Объятия друзей
На одиннадцатые сутки дивизия вышла к реке Псел. В то утро над нашими головами в течение часа с воем пролетали снаряды. Это была артиллерийская дуэль, что свидетельствовало о том, что мы подошли к линии фронта. И я, и Качанов, и Самсоненко очень боялись, как бы не ошибиться, как бы желаемое не принять за реальное. Кончилась артиллерийская канонада, и установилась тишина. Мы сидели на берегу Псела и думали, что делать дальше. К нашему счастью, появился старик с уздечкой, должно быть пришедший за лошадью, пасшейся на берегу.
— Немцы близко? — спросил его Самсоненко.
— Фью, — присвистнул старик. — И слыхом не слыхивали.
— А в той деревне?
— В Большом Перевозе-то? Шутите, товарищ командир! Тамочки Красная Армия стоит.
— Не может быть! — воскликнул Самсоненко, а мы не верили своим ушам.
— Вот тебе истинный крест. — И старик трижды перекрестился.
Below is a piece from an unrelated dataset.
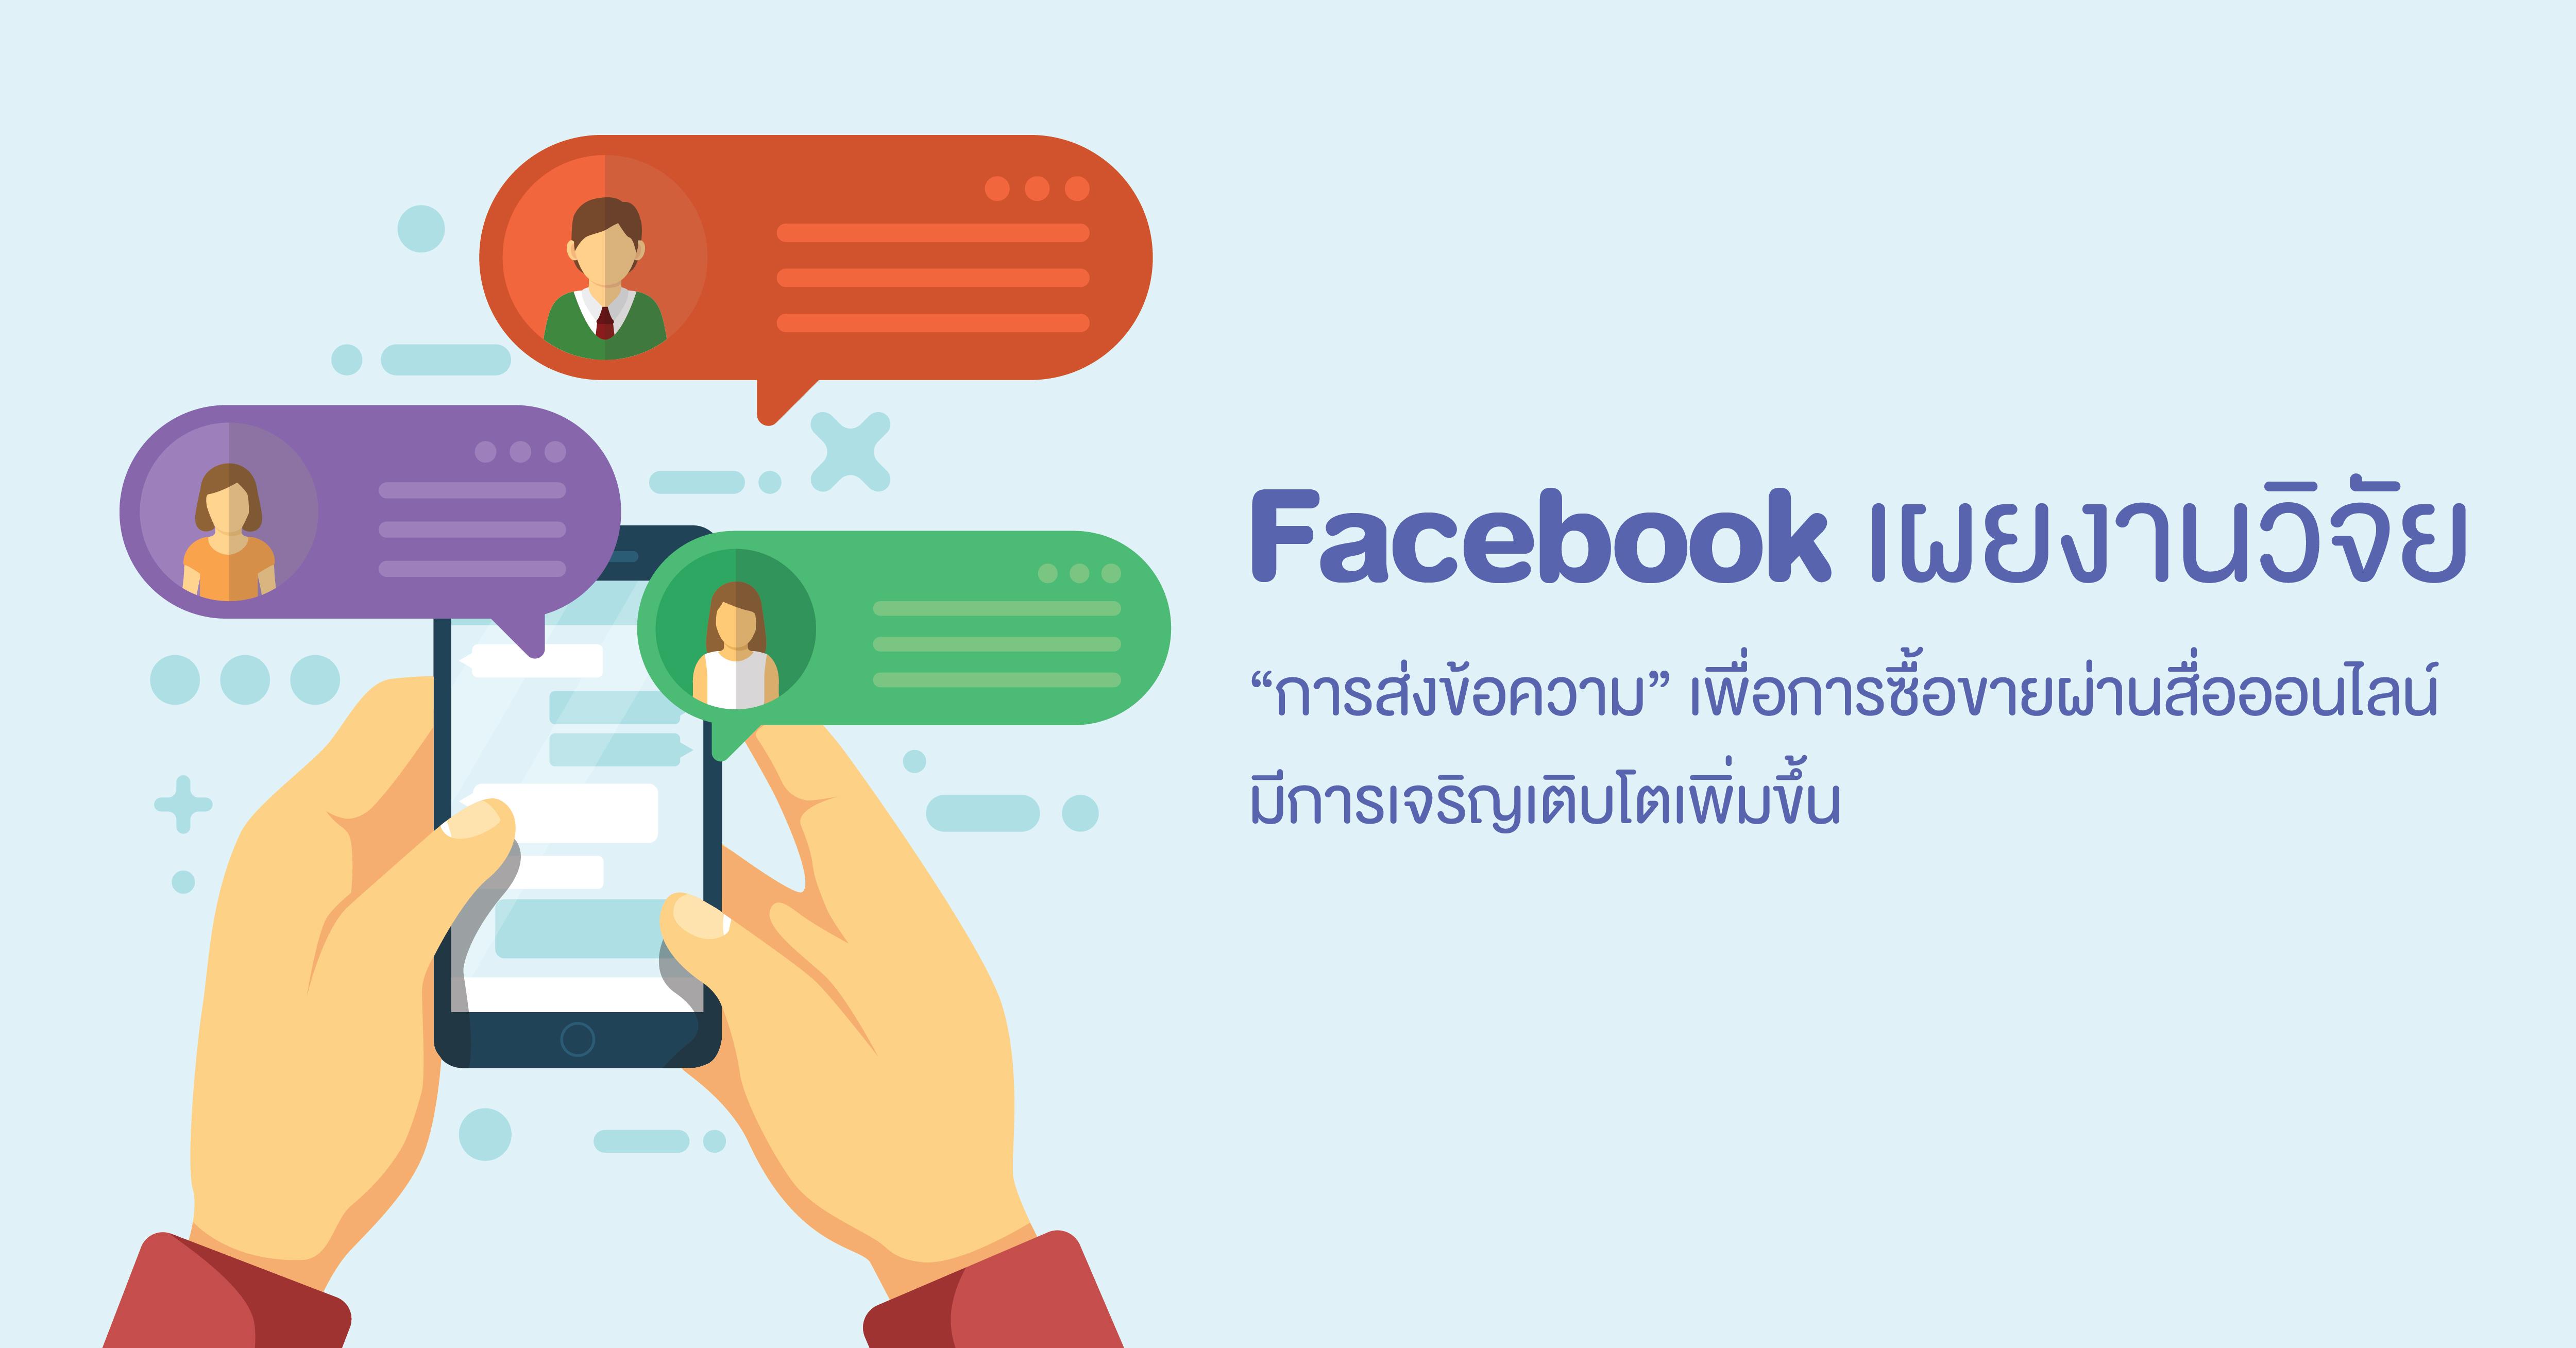 """Facebook ได้เผยแพร่งานวิจัยใหม่! """"การส่งข้อความ"""" เพื่อการขายผ่านสื่อออนไลน์มีการเติบโตเพิ่มขึ้น"""

Услышанная новость, что мы наконец-то вышли к своим, что все невзгоды остались позади и что живы, несмотря на то что все эти одиннадцать дней смерть шла по пятам, наполнила сердце радостью. Кто-то плакал от счастья, кто-то целовал землю, кто-то пустился в пляс. А Аня Величко, медсестра, прикомандированная медчастью дивизии к нашему штабу, от радости плакала и смеялась одновременно. По ее сильно осунувшемуся лицу градом катились слезы, а глаза были полны счастья.
— Товарищ майор, Василий Митрофанович, радость-то [159] какая! Родненький, ведь к своим пришли! Кажется, снова на свет родилась, — весело тараторила она.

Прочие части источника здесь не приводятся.